As they travel they lose height and become more widely spaced, but they may still roll on for great distances at about 15 m.p.h. (a speed gracefully known as "wave celerity"). They meet other swells from other distant storms, and local waves generated by different winds again. Mix in tidal currents and seabed contours and the result is the seeming chaos of the real world of waves. How high they get depends, in general, how hard the wind blows, for how long and over what length of open ocean. There is a limit to the amount of wind a wave can absorb: the rule is that when a wave's height is more than one-seventh the distance between one crest and the next, it will begin to topple into foam: a "whitecap".

Two revelations are basic to waves. One is their nature as liquid power: the energy of wind transferred to water. The other realisation, somewhat chastening to many people, is that the water in waves is going nowhere. As the wave passes through deep water, it spins the water particles like a wheel but leaves them back more or less where they were: all that travels onwards is the energy, the momentum, the shape of the wave.

As it approaches the shore, things start to change. The wheel of energy in the wave drags on the bottom and becomes an ellipse, then finally a back-and-forth movement at the seabed that stirs up the sediment. And if, as is likely, the wave is approaching the coast at an angle, it is swung into line with the seabed contours like a door on a hinge.

As the drag slows it down, the following wave crowds in, shortening the wavelength. The lead wave steepens and increases its height, then collapses into foam, a turbulence that helps to spend its energy; even the sound it makes is energy returning to the air.

HOW waves break depends a great deal on the nature of the bottom. Thallabawn strand is a gently sloping beach and the waves are "spilling" breakers, unravelling into smaller waves within a broad surf zone. What the surfer needs are the "plunging" breakers of a steeper shore, with a wave crest that curls forward into the trough.

A third kind of wave is the "surging" breaker that charges up a rock face or steep shingle beach, makes little or no surf and bounces half its energy back to sea. This is the one that, hitting a vertical sea wall, builds a pattern of waves that scour and hammer at its foundations. Coming into an era of rising sea levels and fiercer storms, the engineers of coastal local authorities are launched on their own steep learning curve about the science of waves, the harmonics of tides, the numerical models that help to map the behaviour of seas, in particular in bays and estuaries.

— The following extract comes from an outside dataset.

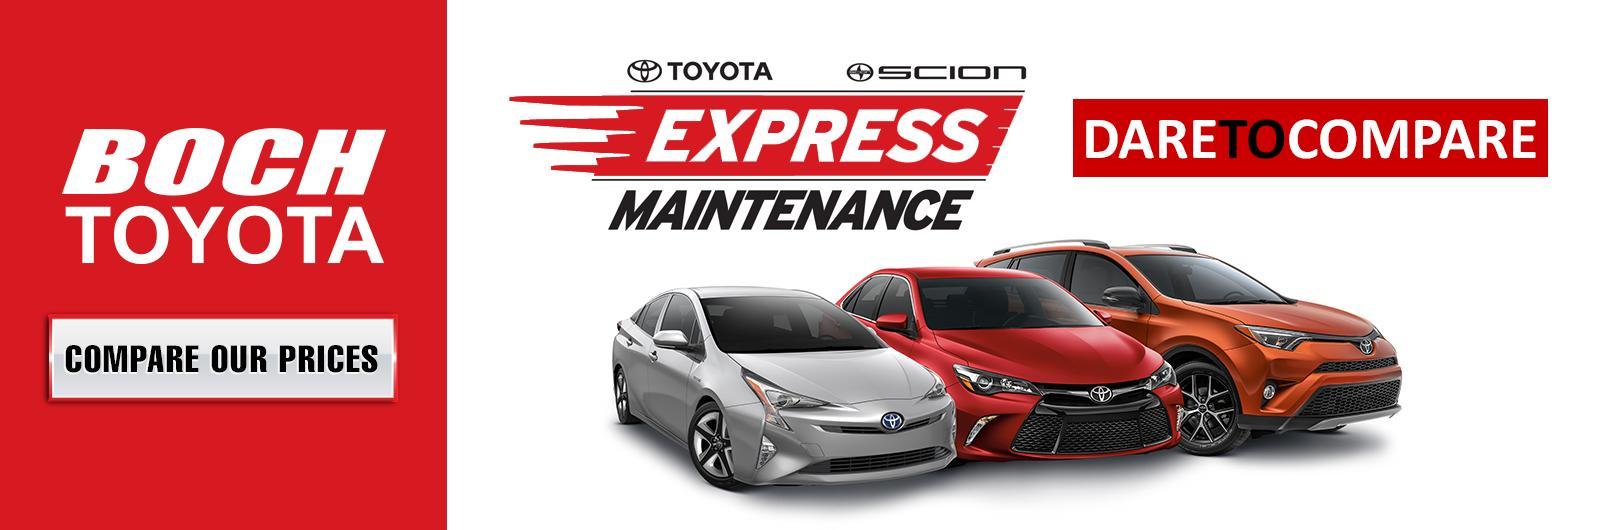 Toyota Dealers Ma >> Toyota Dealers In Ma Car Image Idea
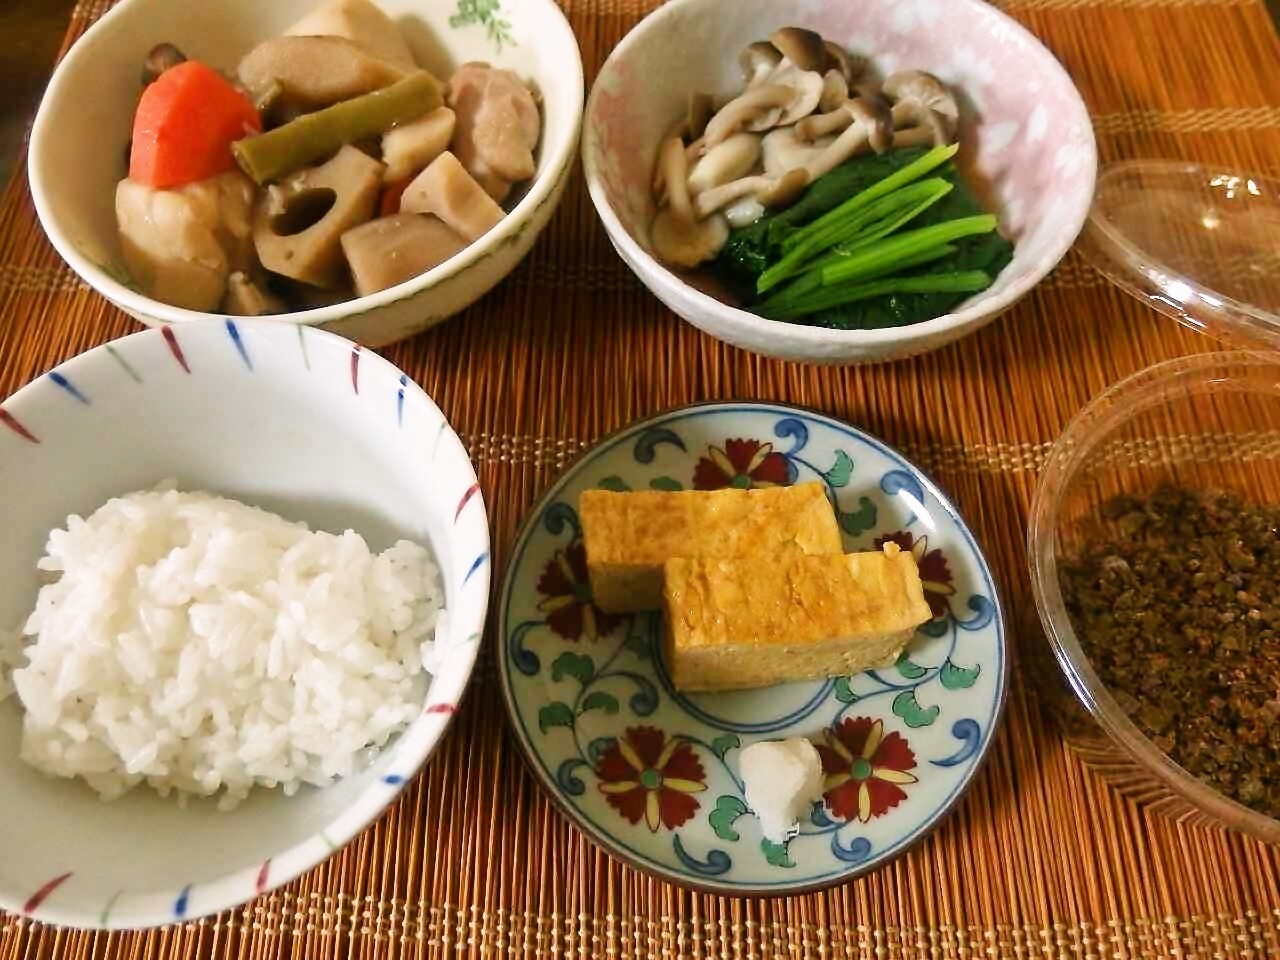 foodpic6021843.jpg

In building new structures, they have to plan for the "design wave" - the ultimate, theoretical breaker to be expected every 50 years or so.

In current textbooks, a 50-year wave of 20 metres far out in the Atlantic approaches the west coast at 16 metres and Cork Harbour at 14 metres. But as Ecopro, the new government manual on coastal protection, warns, wave heights seem to be increasing over the whole of the Atlantic by 1 or 2 per cent a year.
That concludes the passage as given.